Hacker News

A library of words: Discovering Roget's Thesaurus (2023)

by NaOHon 5/15/2025, 5:46:19 PM with 6 comments

by ttctciyfon 5/17/2025, 10:16:54 PM
The author notes:
> since around 1962, publishers have abandoned the side-by-side layout of opposing categories which Roget insisted on as a visual representation of the opposing ideas
illustrated by the original's side-by-side entries for 615 Good and 616 Evil, seeing this as an unfortunate
> example of one of the many ways book design is actually getting less sophisticated over time.
It appears the Gutenberg project also see value in preserving the two columns, at least in their html edition, as can be seen in their rendition of the same passages: https://www.gutenberg.org/cache/epub/10681/pg10681-images.ht.... (Link is to a 10M html file).
(Though it seems things have moved on, since Evil is now #619.)
Surely there must be more programmatic electronic editions, though, given the highly tractable organisation of the book?
by MichaelMoser123on 5/18/2025, 3:20:27 AM
I once had a python side project, it parses the 1911 edition of Roget Thesaurus into memory and provides some queries.
https://github.com/MoserMichael/roget-thesaurus-parser
by folexon 5/18/2025, 2:08:53 AM
Where does the stereotype 'thesaurus = synonyms + antonyms' come from?
I'm not a native english speaker, and I never heard that idea besides in, I'd guess, Friends TV show.
I've used thesauruses since my childhood for exactly the task of looking up meanings, explanations, perhaps some etymology baked in.
For English, I always use WordNet, it is quite good and works offline on Android.
For my basic level of Chinese, Outliers dictionaries are so far the best I have found, but that's mainly due to my heavy reliance on the etymology provided there.
Well, I guess I got carried away a bit.
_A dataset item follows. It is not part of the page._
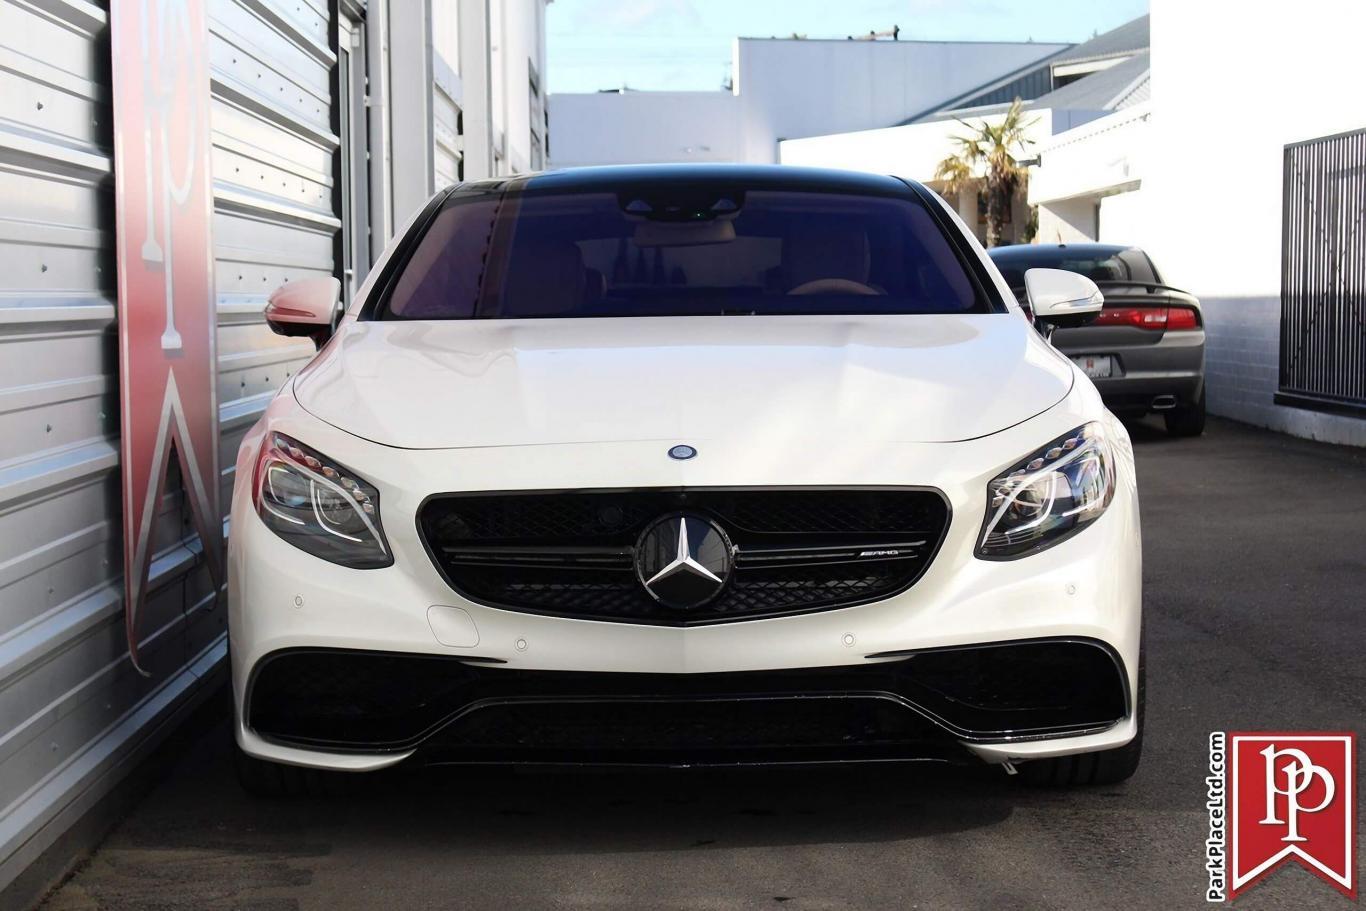 Mercedes Benz S63 Amg Coupe >> Mercedes Benz S63 Amg Coupe

Back to my question, where thesaurus=synonyms+antonyms comes from?
by 5-on 5/17/2025, 10:11:09 PM
the cambridge dictionary thesaurus has a similar organisation and i always thought it was a unique quirk (further promulgated by the mobile version calling it "smart thesaurus").
https://dictionary.cambridge.org/thesaurus/articles/differen...
by Michelangelo11on 5/18/2025, 11:55:06 AM
Interesting. So, a kind of precursor to LLMs, or if you like, a pre-electronic, pen-and-paper latent space.